Cells at logarithmic growth stage were taken and seeded in 96-well plates with 4×103~1×105 cells per well. The cells were cultured to the normal growth stage. Transfection was performed according to experimental requirements. An appropriate amount of 50 μM Edu culture medium (Ribobio, Guangzhou) was prepared by diluting Edu solution 1000:1. The cells were incubated at 20 μM Edu for 12 h. The cells were then fixed with 4% paraformaldehyde, stained with DAPI for 5 minutes, and cell proliferation was recorded by taking photos with a microscope.

Wound Healing Assay

The cells were cultured in a 6-well culture plate, and after 24 h of growth at a density, they should achieve a monolayer fusion of about 70–80%. Gently and slowly scrape a single layer with the tip of a new 200 μL pipette through the center of the hole. After scraping, wash the hole gently with medium twice to remove the isolated cells. The cells were cultured in a fresh serum-free medium. Cell migration was recorded at 0 h, 24 h and 48 hours after culture.

Transwell Assay

The matrix glue and basic medium 1640 were fully mixed according to 1:3. A mixture of 50 μL matrix glue and basal medium 1640 was added to the bottom of the chamber. The culture plates with small Chambers were placed in a 5% CO2 incubator for 30 minutes. Single-cell suspension was prepared and the cell concentration was adjusted to lx105/mL. In the 24-well plate, a small chamber with and without coated matrix glue was set, and a complete medium containing 10% serum was added. Cell suspension of 200 μL was slowly added into a small chamber and cultured at 37°C and 5% CO2 for 24 hours. The cells in the small chamber were removed with a wet cotton swab and fixed immediately with formaldehyde for 5 minutes. After that, the small chamber was taken out and dried. Crystal violet was used for dyeing for 20min. Then, the chamber was rinsed with water and dried. The number of transmembrane cells was observed and counted under the microscope.

Luciferase Assay

The HEK293 cells were cultured and inoculated in 24-well plates for 10–24 hours (80% confluence). Lipo200 was used to transfect WT-SBF2-AS1/Mut-SBF2-AS1 or WT-FGFR2/Mut-FGFR2 reporter gene plasmid into the cells. 72 hours after the Dual – Luciferase Reporter assay system detection to extract the protein. After adding miR-494-3p mimic or miR-NC, luciferase activity was detected again. Calculate the relative fluorescence intensity.

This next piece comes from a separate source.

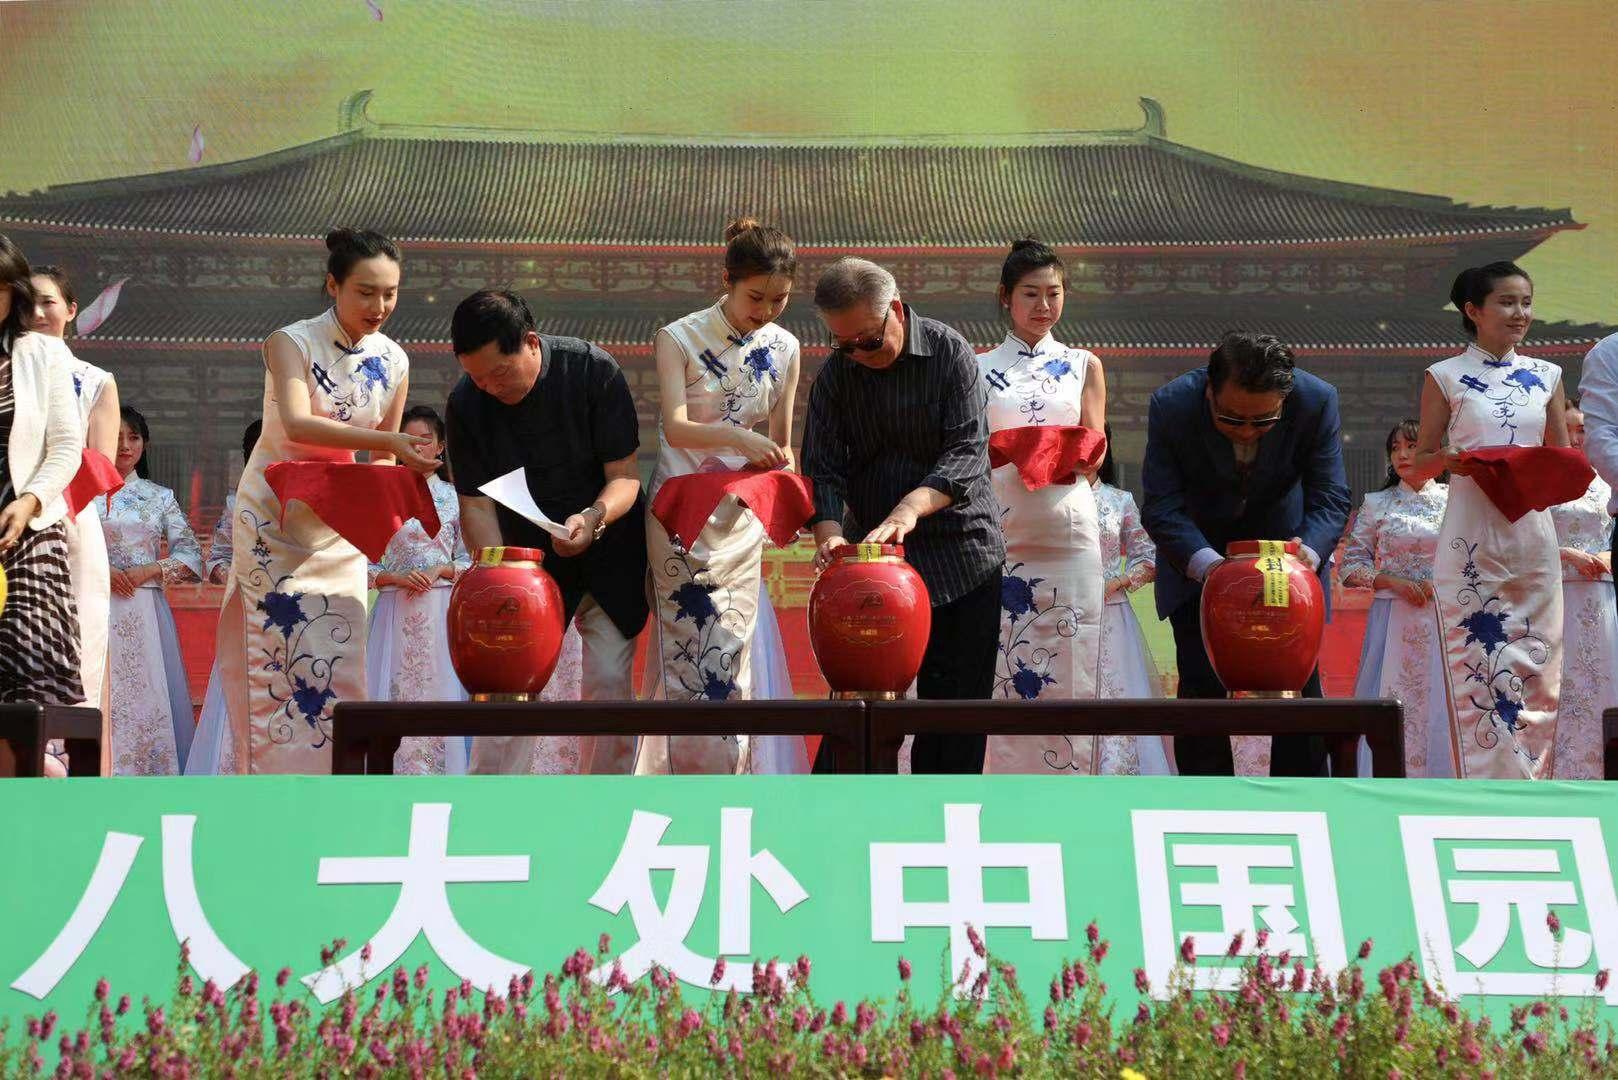 品茶泼墨看展览,我国园林茶文化节八大处开幕
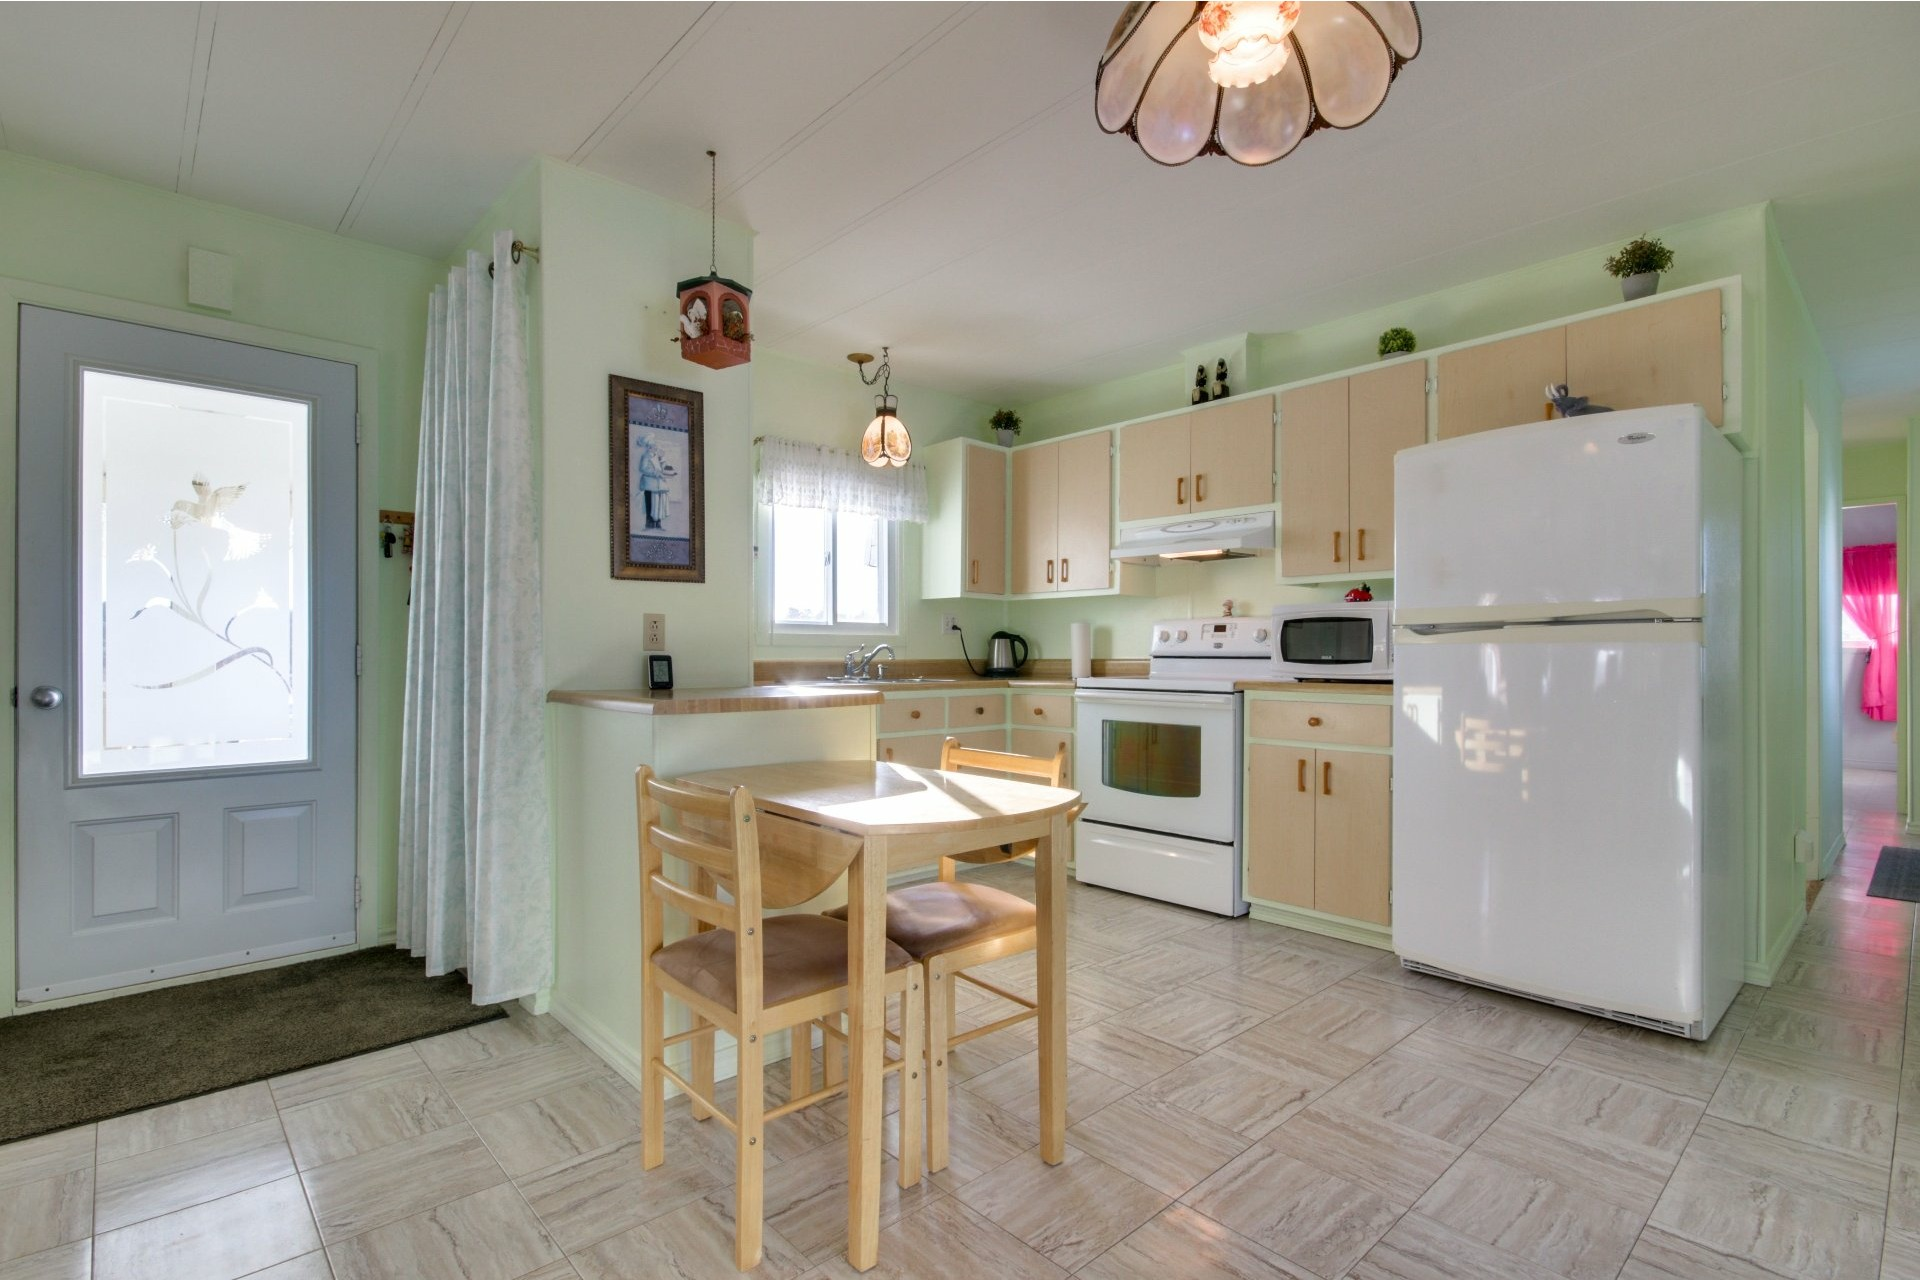 image 7 - House For sale Saint-Pierre-les-Becquets - 6 rooms

In vivo Tumor Growth Assay

SU-DHL-6 cells of each group were prepared for inoculation for subculture for 15 generations, and the concentration was adjusted to 5x107/0.1mL/site and then divided into different packs. The cell suspension is blown away. Eighteen BALB/C female nude mice (4–5 weeks, weight around 20g) were selected and grouped and numbered. Each nude mouse was weighed. The right armpit was disinfected with 75% alcohol, and 0.1mL cell suspension was injected at each site, about LCM was injected, to reduce leakage and contamination. After inoculation, the mice were observed daily. After 4 weeks, the nude mice were collected and killed by excessive carbon dioxide, the tumors were removed, and the tumors were photographed, weighed and recorded after all the surrounding connective tissue was removed. Tumor volume (mm3): V (Mm3) = S2 (Mm2) × L (Mm)/2. All animal experiments were performed in compliance with institutional guidelines, the National Institutes of Health guide for the care and use of laboratory animals (NIH Publications No. 8023, revised 1978), and had been approved by the Institutional Animal Care and Use Committee of Harbin Medical University Cancer Hospital. (Protocol Registry Number: A-2018-014).

Statistical Analysis

We used SPSS17.0 and Graphpad Prism 7.0 software for statistical analysis. The measurement data (measurement data) were expressed by mean ±standard deviation. t-test or variance analysis used to analyze the statistics of two groups. The Chi-square test was for counting data.

Results

Upregulation of lncRNA SBF2-AS1 in DLBCL Patients

We collected 50 patients diagnosed DLBCL in our hospital, and microassay was used to determine the differentially expressed lncRNAs in DLBCL tissues comparing with normal adjacent tissues, which showed an upregulation of lncRNA SBF2-AS1 in DLBCL tissues (Figure 1A). Then, qRT-PCR analysis confirmed that lncRNA SBF2-AS1 was elevated in DLBCL cancer tissues comparing with normal tissues (Figure 1B). As well, SBF2-AS1 level was detected in DLBCL cell lines, which also showed an increase of SBF2-AS1 in DLBCL cell lines (OCI-LY-3, OCI-LY-7, OCI-LY-10, SU-DHL-4, SU-DHL-6) comparing with normal human B-lymphocytes GM12878 (Figure 1C) (Figure S1).

Figure 1 LncRNA SBF2-AS1 was increased in DLBCL tissue and cells. (A) microanalysis of lncRNAs in DLBCL adjacent normal tissues and cancer tissue. (B) The expression of SBF2-AS1 in DLBCL tissues (n = 50) and adjacent normal tissues (n = 50) determined by qRT-PCR (*p<0.05). (C) qRT-PCR for the expression of SBF2-AS1 in DLBCL cell lines (OCI-LY-3, OCI-LY-7, OCI-LY-10, SU-DHL-4, SU-DHL-6) and normal human B-lymphocytes GM12878, (n = 6, *p<0.05). The above measurement data were expressed as mean ± standard deviation. Data among multiple groups were analyzed by one-way ANOVA, followed by a Tukey post hoc test. The experiment was repeated in triplicate.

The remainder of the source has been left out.